Anyway, it seems like IdentifierRepHash is doing either too much work in hash() or too little work in equal(), and we should fix it to be consistent, probably by just replacing it with PtrHash.
Comment 1 Yusuke Suzuki 2015-10-15 04:54:20 PDT
I don't remember the exact bug number (maybe, in the context of Symbol and IdentifierRepHash), IIRC, when I attempt to change this to PtrHash, I heard the following reason why we did not use PtrHash; We intentionally use StringHasher instead of PtrHash because it gives nicer distribution for Strings and reduces collisions in the hash table.
So when changing this, I think measuring collision and performance is nice.
Comment 2 Yusuke Suzuki 2015-10-15 05:01:16 PDT
(In reply to comment #1)
> I don't remember the exact bug number (maybe, in the context of Symbol and
> IdentifierRepHash), IIRC, when I attempt to change this to PtrHash, I heard
> the following reason why we did not use PtrHash; We intentionally use
> StringHasher instead of PtrHash because it gives nicer distribution for
> Strings and reduces collisions in the hash table.
> So when changing this, I think measuring collision and performance is nice.

Personally I guess PtrHash gives nice distribution. PtrHash maps intptr_t => unsigned. StringHasher maps UChar[arbitrary length] => unsigned. If PtrHash works well, it could provide nice distribution in this case I think.
Comment 3 Filip Pizlo 2015-10-15 11:27:41 PDT
(In reply to comment #2)
> (In reply to comment #1)
> > I don't remember the exact bug number (maybe, in the context of Symbol and
> > IdentifierRepHash), IIRC, when I attempt to change this to PtrHash, I heard
> > the following reason why we did not use PtrHash; We intentionally use
> > StringHasher instead of PtrHash because it gives nicer distribution for
> > Strings and reduces collisions in the hash table.
> > So when changing this, I think measuring collision and performance is nice.
> 
> Personally I guess PtrHash gives nice distribution. PtrHash maps intptr_t =>
> unsigned. StringHasher maps UChar[arbitrary length] => unsigned. If PtrHash
> works well, it could provide nice distribution in this case I think.

Do you recommend measuring distribution directly, or do you think it's OK to just see how performance is affected overall?

We may encounter a trade-off between a fast to compute hash function that gives worse distribution and a slow to compute hash function that gives better distribution.  I don't have a philosophical preference between the two, but I just suspect that unless the distribution is really bad, the faster-to-compute hash function will give better overall performance.  Maybe the best thing to do is just to look at end-to-end performance.  Probably, it doesn't matter at all.  In that case, PtrHash is nicer because it's the less surprising choice.
Comment 4 Darin Adler 2015-10-15 13:26:17 PDT
As I recall, we were originally using PtrHash for this purpose (or a similar one in WebCore?) and Gavin changed to use the string hash instead to get a measurable performance boost.
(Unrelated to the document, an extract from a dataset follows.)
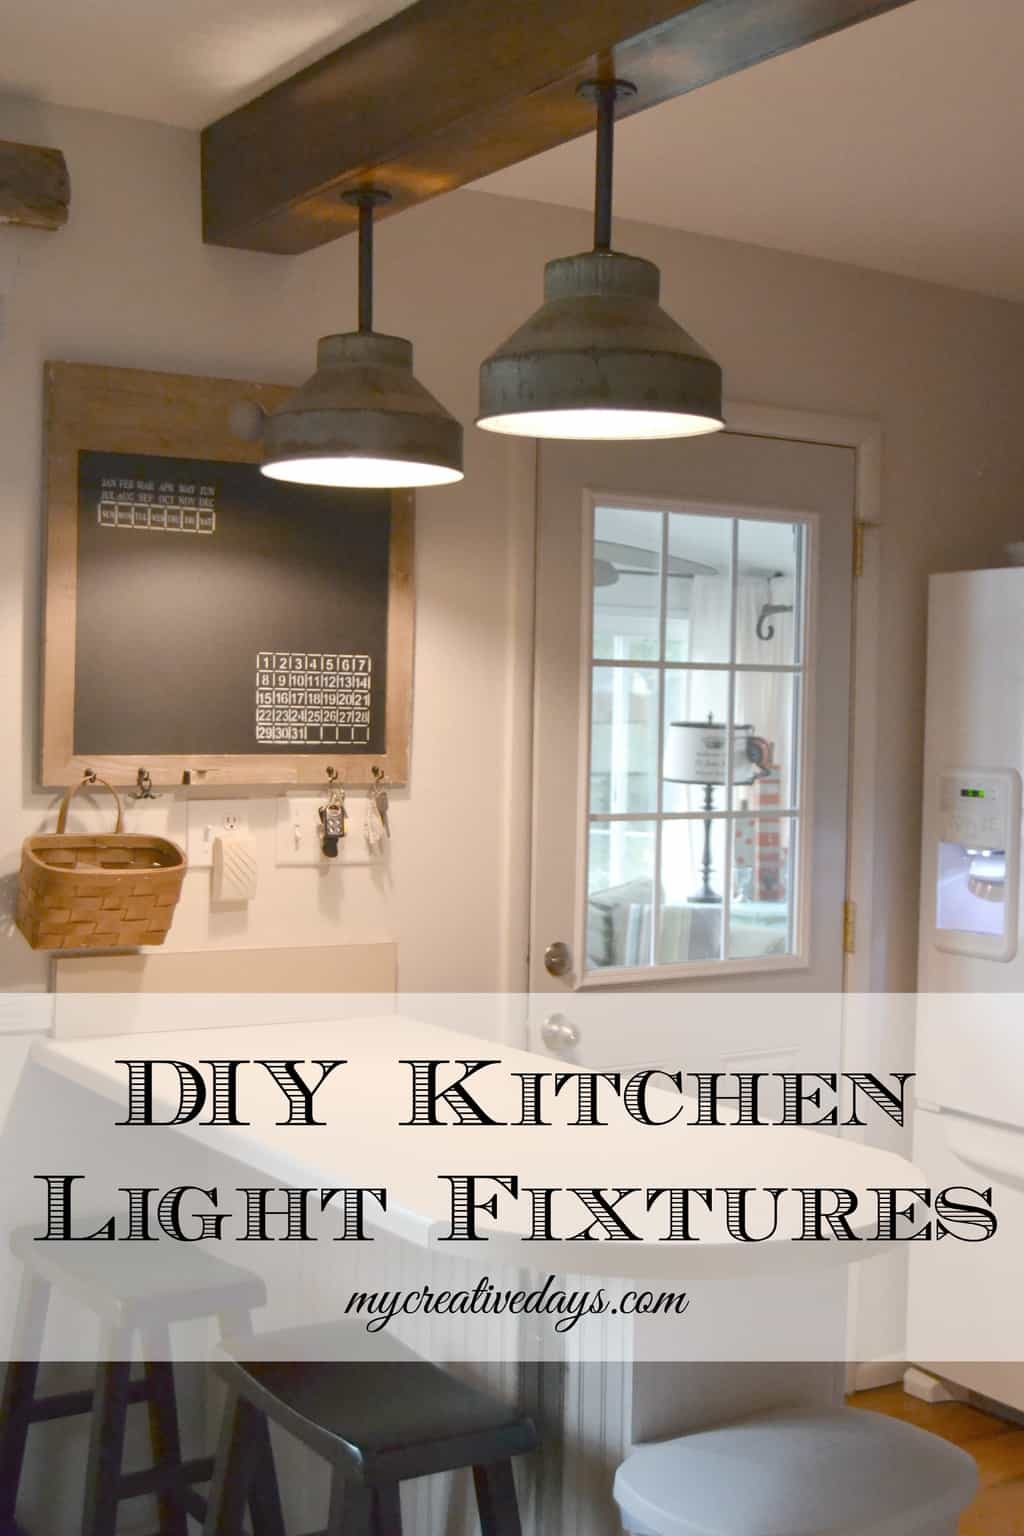 diy kitchen light fixtures part 2 kitchen light fixture Pin this DIY Kitchen Light Fixtures Part 2 mycreativedays com

But I don’t think the change was to recompute a string hash each time; our strings memoize the result of the string hash function.
Comment 5 Yusuke Suzuki 2015-10-16 01:56:39 PDT
(In reply to comment #3)
> Do you recommend measuring distribution directly, or do you think it's OK to
> just see how performance is affected overall?

I was thinking about HashTable::dumpStats.
DUMP_HASHTABLE_STATS can dump the statistics including collisions.

> We may encounter a trade-off between a fast to compute hash function that
> gives worse distribution and a slow to compute hash function that gives
> better distribution.  I don't have a philosophical preference between the
> two, but I just suspect that unless the distribution is really bad, the
> faster-to-compute hash function will give better overall performance.  Maybe
> the best thing to do is just to look at end-to-end performance.  Probably,
> it doesn't matter at all.  In that case, PtrHash is nicer because it's the
> less surprising choice.

Agreed. If the change does not pose any performance regression & there are enough tests, I think it indirectly indicates the distribution of PtrHash is not so bad.